Write each entry out once more, please, precisely as shown.

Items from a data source
· · · ·
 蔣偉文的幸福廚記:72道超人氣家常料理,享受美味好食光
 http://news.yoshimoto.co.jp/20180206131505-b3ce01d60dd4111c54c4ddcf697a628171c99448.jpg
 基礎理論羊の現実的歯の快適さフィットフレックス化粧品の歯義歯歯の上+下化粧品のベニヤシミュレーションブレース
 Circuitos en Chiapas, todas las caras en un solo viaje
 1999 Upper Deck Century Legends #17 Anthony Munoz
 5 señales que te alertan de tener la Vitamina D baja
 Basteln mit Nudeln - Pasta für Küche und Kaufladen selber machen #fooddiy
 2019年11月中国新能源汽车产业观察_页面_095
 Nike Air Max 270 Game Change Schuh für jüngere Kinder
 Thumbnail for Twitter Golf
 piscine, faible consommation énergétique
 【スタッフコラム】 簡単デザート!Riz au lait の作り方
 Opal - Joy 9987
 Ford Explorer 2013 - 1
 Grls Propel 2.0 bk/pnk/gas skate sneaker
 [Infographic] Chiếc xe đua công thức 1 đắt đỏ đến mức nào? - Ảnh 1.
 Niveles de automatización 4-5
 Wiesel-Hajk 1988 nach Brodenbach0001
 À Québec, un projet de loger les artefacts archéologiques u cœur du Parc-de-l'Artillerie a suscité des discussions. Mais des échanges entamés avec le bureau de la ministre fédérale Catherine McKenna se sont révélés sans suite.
· · · ·
YOUR RESPONSE>
 蔣偉文的幸福廚記:72道超人氣家常料理,享受美味好食光
 http://news.yoshimoto.co.jp/20180206131505-b3ce01d60dd4111c54c4ddcf697a628171c99448.jpg
 基礎理論羊の現実的歯の快適さフィットフレックス化粧品の歯義歯歯の上+下化粧品のベニヤシミュレーションブレース
 Circuitos en Chiapas, todas las caras en un solo viaje
 1999 Upper Deck Century Legends #17 Anthony Munoz
 5 señales que te alertan de tener la Vitamina D baja
 Basteln mit Nudeln - Pasta für Küche und Kaufladen selber machen #fooddiy
 2019年11月中国新能源汽车产业观察_页面_095
 Nike Air Max 270 Game Change Schuh für jüngere Kinder
 Thumbnail for Twitter Golf
 piscine, faible consommation énergétique
 【スタッフコラム】 簡単デザート!Riz au lait の作り方
 Opal - Joy 9987
 Ford Explorer 2013 - 1
 Grls Propel 2.0 bk/pnk/gas skate sneaker
 [Infographic] Chiếc xe đua công thức 1 đắt đỏ đến mức nào? - Ảnh 1.
 Niveles de automatización 4-5
 Wiesel-Hajk 1988 nach Brodenbach0001
 À Québec, un projet de loger les artefacts archéologiques u cœur du Parc-de-l'Artillerie a suscité des discussions. Mais des échanges entamés avec le bureau de la ministre fédérale Catherine McKenna se sont révélés sans suite.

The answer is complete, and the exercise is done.